During the peak of ultra-low rates, 24.6% of mortgage holders in the U.S. had a rate below 3%. Only 7.3% had a mortgage above 6%. This meant that tens of millions of existing homeowners were sitting on monthly payments far cheaper than prevailing rents or the cost of buying a new home in 2022 and 2023. The incentive to stay put was enormous, and new listings collapsed as a result.

2026 is the Year When the Mortgage Rate Lock-in Flips
But that calculus is beginning to change. Several years of higher interest rates have reshaped the mortgage-rate distribution. As of 2024–2025, the share of mortgage holders below 3% is now roughly equal to the share above 6%. And by early 2026, more mortgage holders will likely carry a rate above 6% than below 3%.
This shift matters because it means the “payment advantage” of staying locked in is weakening.
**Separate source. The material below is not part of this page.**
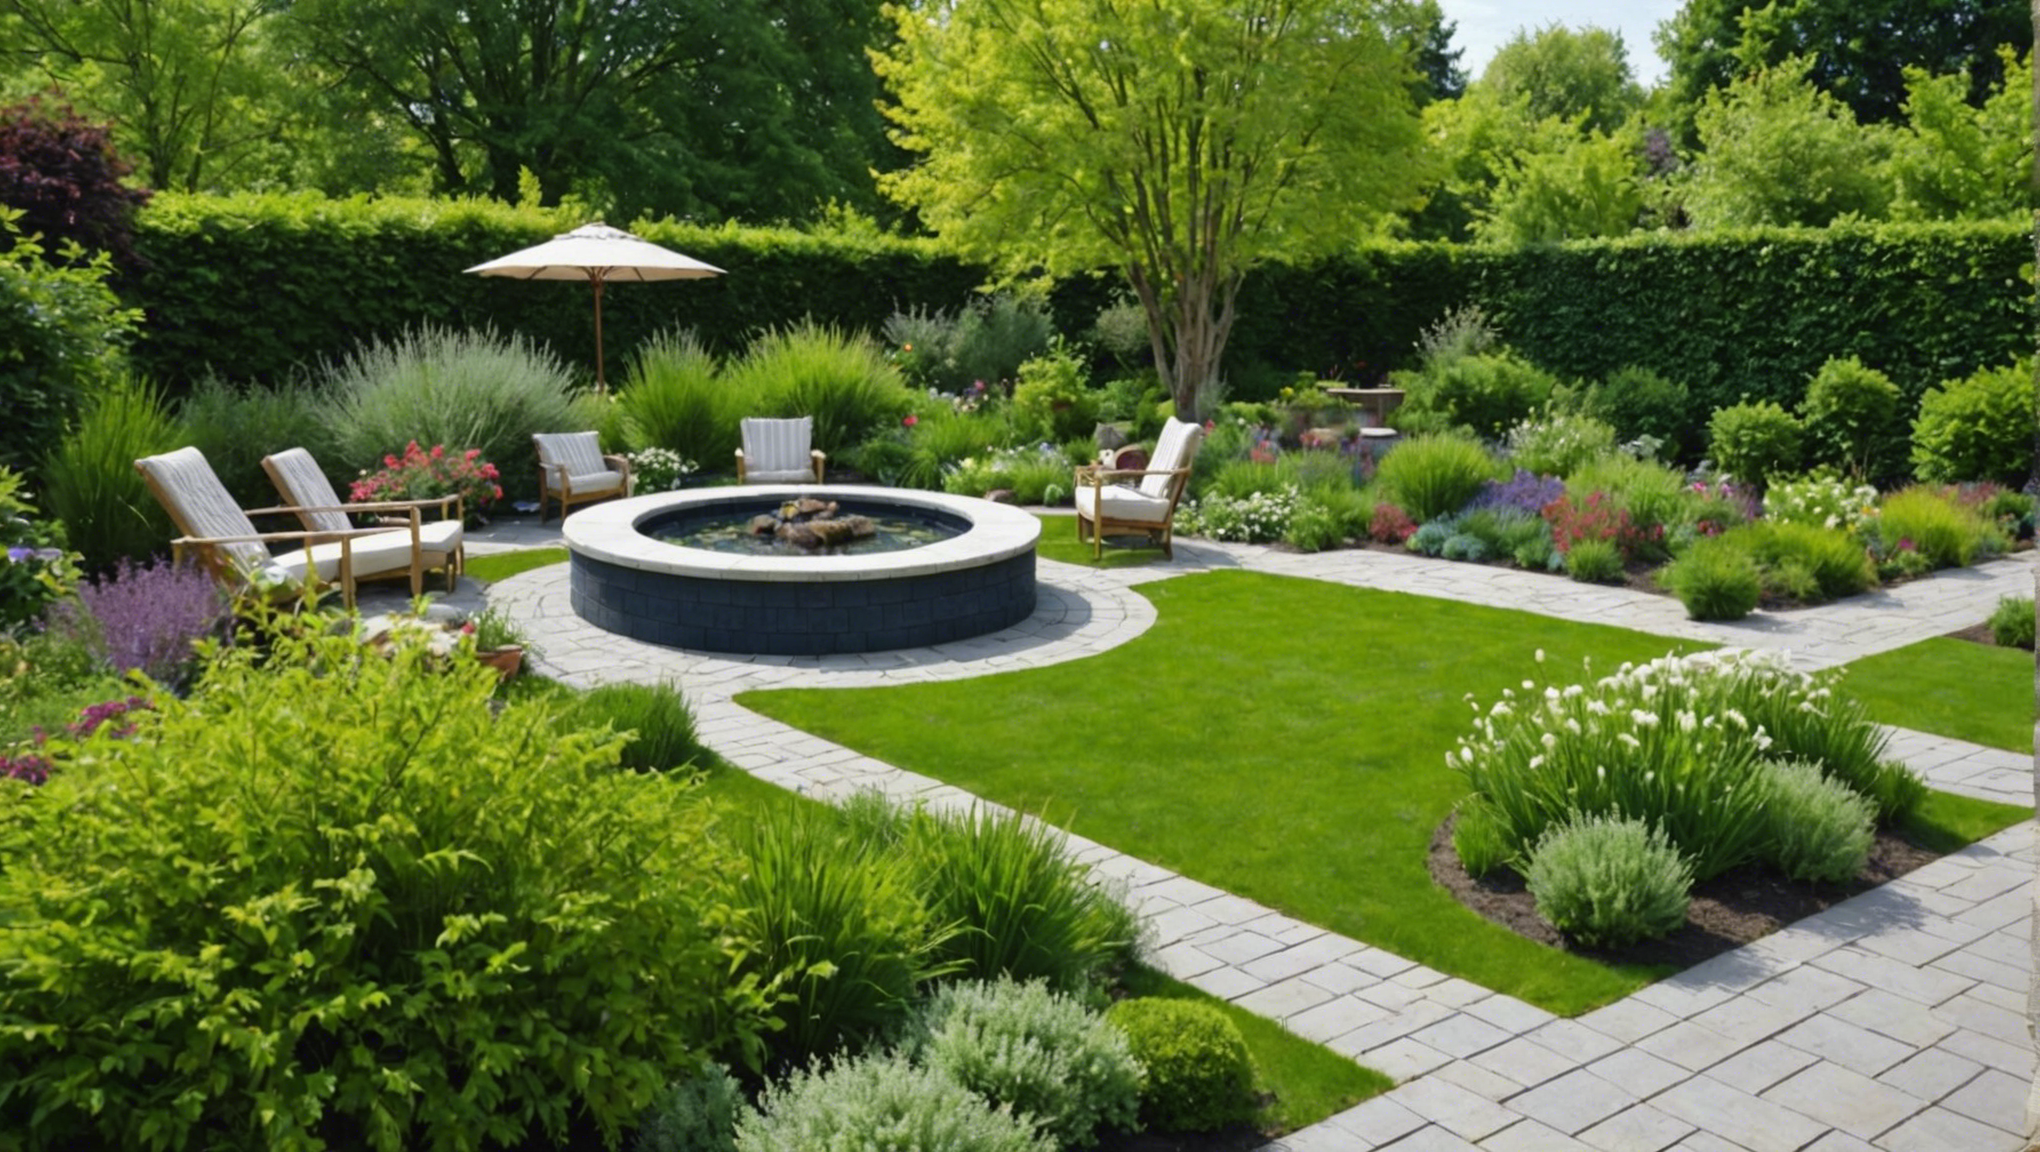 découvrez nos conseils pour créer un aménagement paysager qui transformera votre jardin en une oasis de verdure. profitez d'un espace extérieur harmonieux et agréable grâce à nos astuces d'aménagement paysager.

As more households hold mortgages at today’s higher rates — whether because they purchased recently, refinanced late, or moved despite rate conditions — the average cost of ownership is rising across the homeowner population. Over time, this erodes the psychological and financial barrier that kept millions of owners from listing their homes.
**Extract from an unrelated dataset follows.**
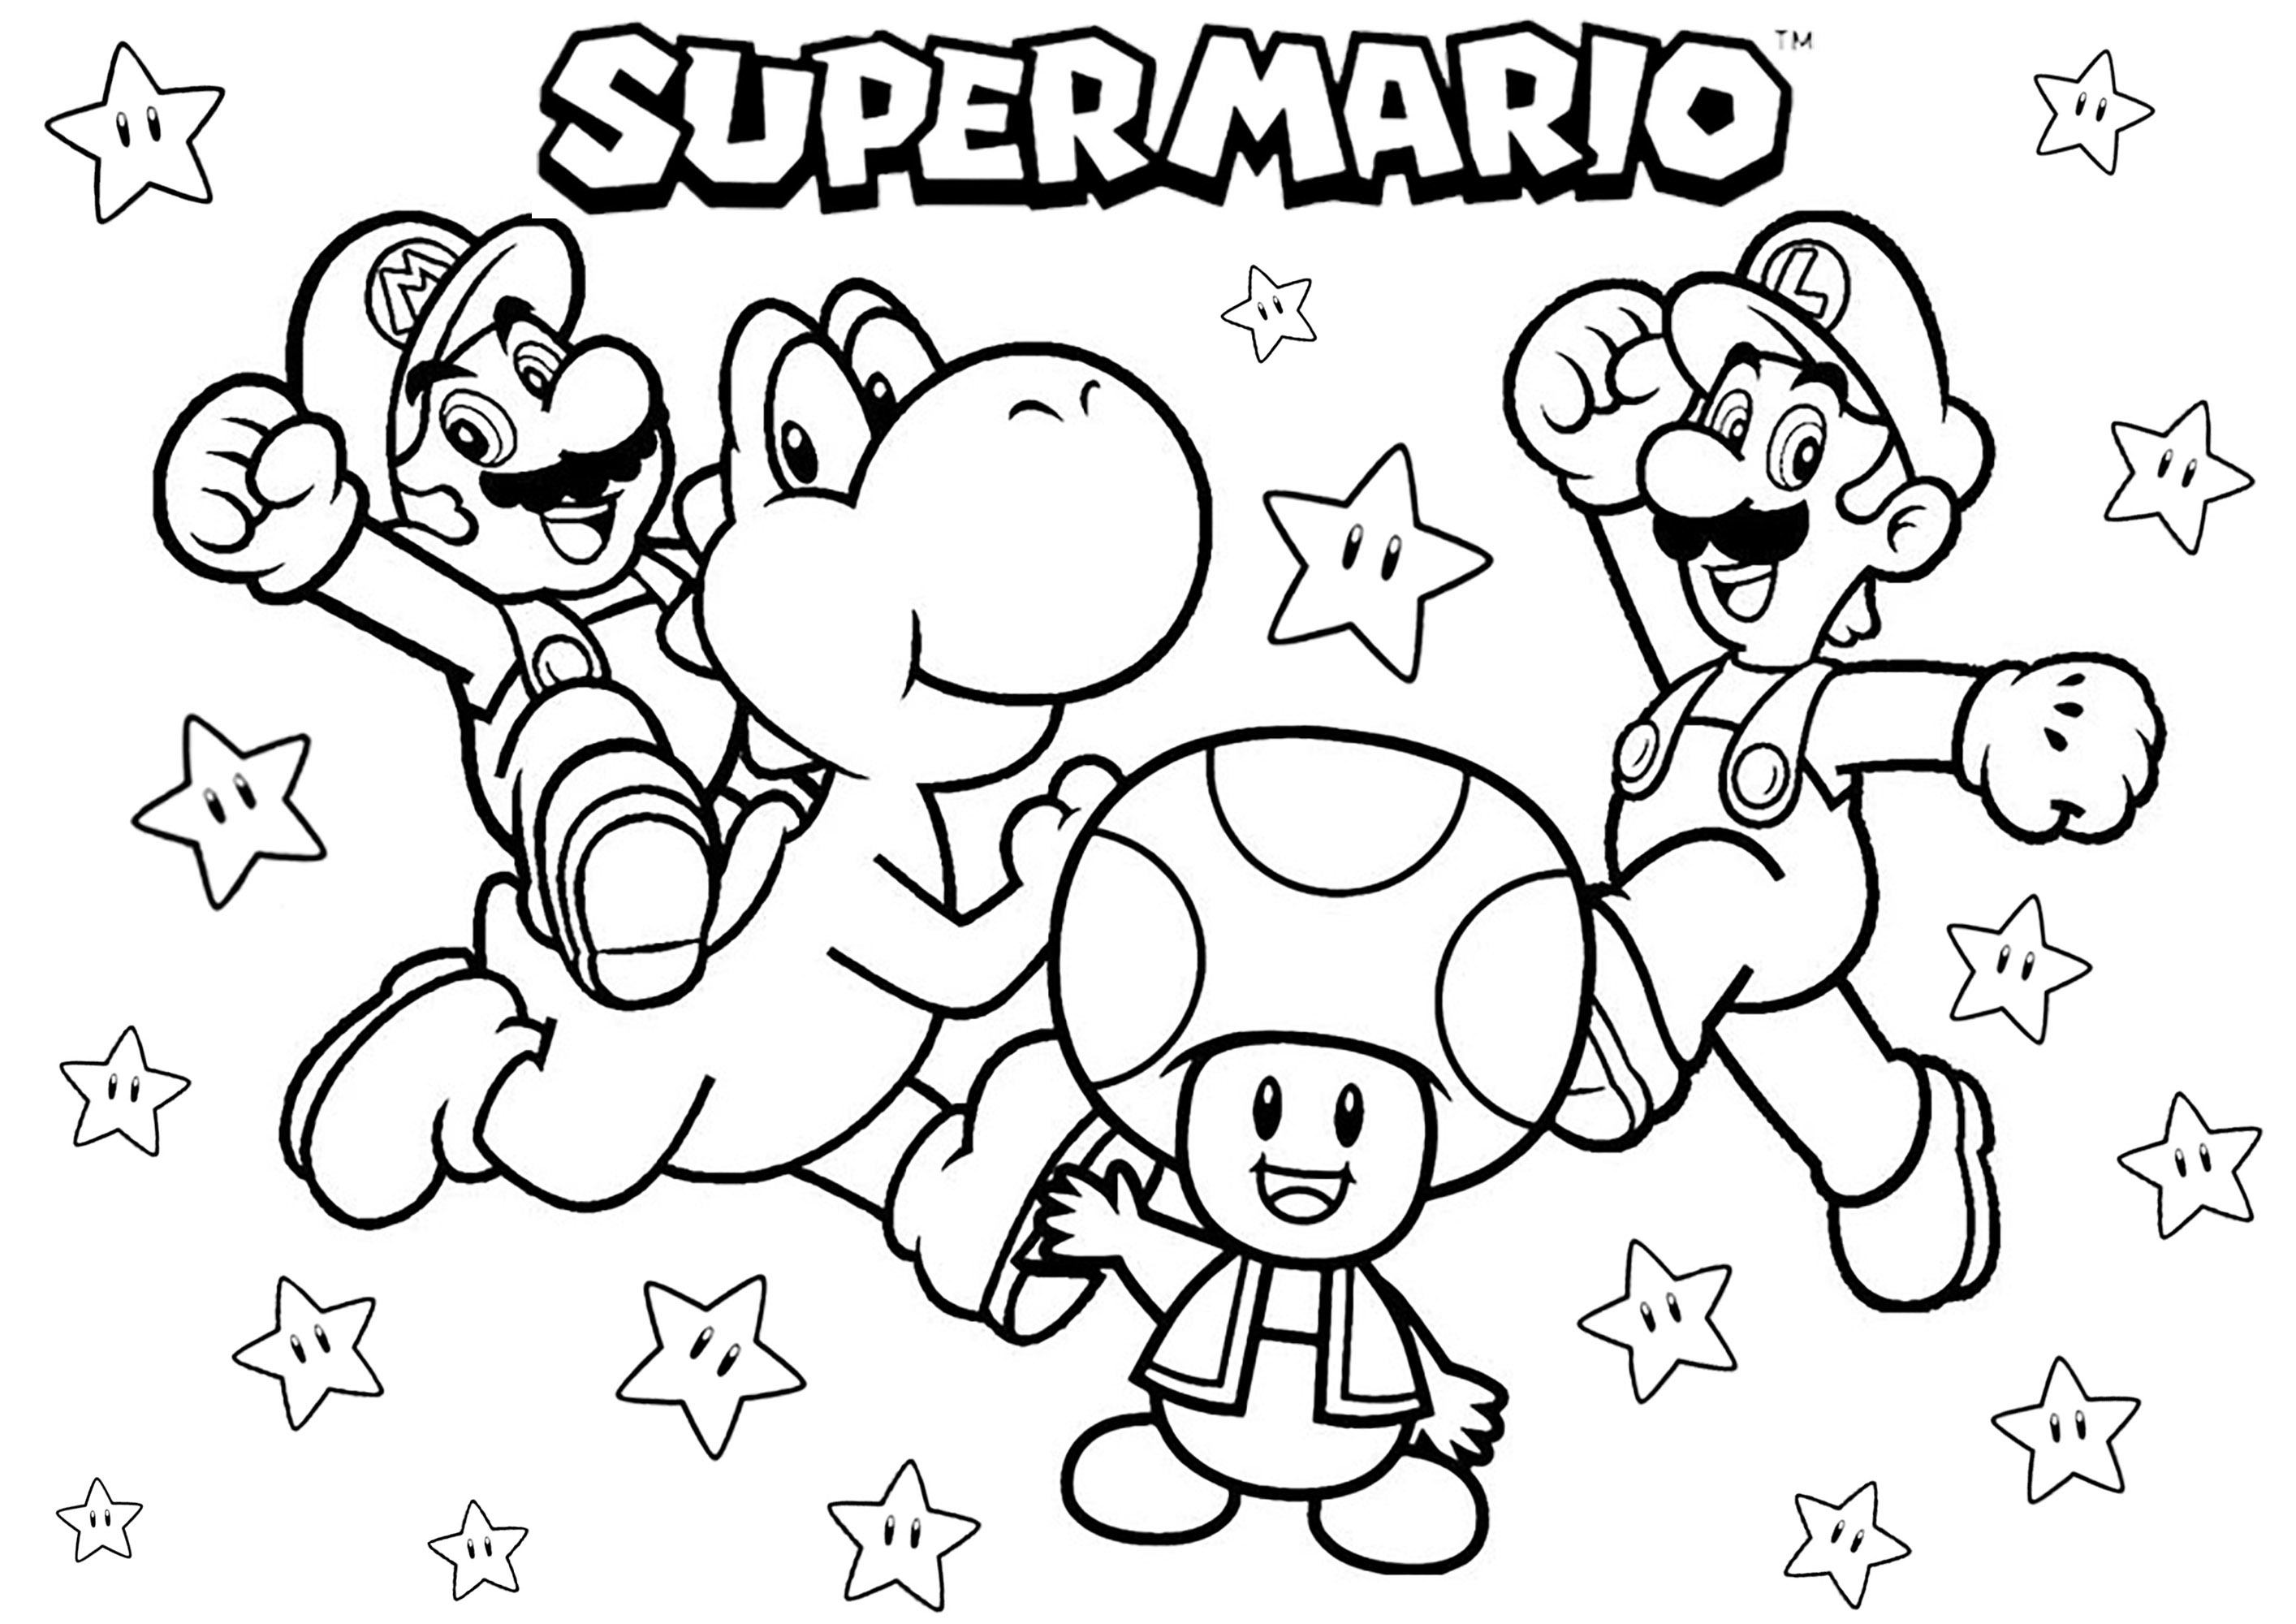 Mario, Luigi, Yoshi y Toad. Recuerda los días en que jugabas a Super Mario en tu consola Nintendo, gracias a esta simpática página para colorear con los hermanos Mario y Luigi, el dinosaurio Yoshi y la seta Toad... ¡sin olvidar un montón de estrellas!

We are already seeing the early effects. In many markets, inventory levels began rising in 2024 and continued through 2025. More owners are choosing — or being forced — to list. Financial pressures, life-cycle changes, and a narrowing rate advantage are all contributing to the erosion of the lock-in effect.
This marks the first meaningful loosening of supply constraints since the pandemic boom — and sets the stage for higher inventory levels in 2026.
Inventory Tailwinds Are Forming for 2026
As more owners decide to move despite higher rates, the market will likely experience a steady increase in new listings. Early signs of this shift are already visible. Several national data sources show rising active inventory in 2024–2025, and leading indicators — such as price cuts, longer days on market, and an uptick in seller concessions — all suggest the market is loosening beneath the surface.
According to Realtor.com, there are now 1.1 million active listings on the U.S. Housing Market, which is the highest level for the month since 2019. Moreover, this level is now within 9% of the pre-pandemic inventory range on a national basis, indicating that the U.S. “housing shortage” is almost over (and in some Sun Belt and West Coast markets it’s been over for over a year already).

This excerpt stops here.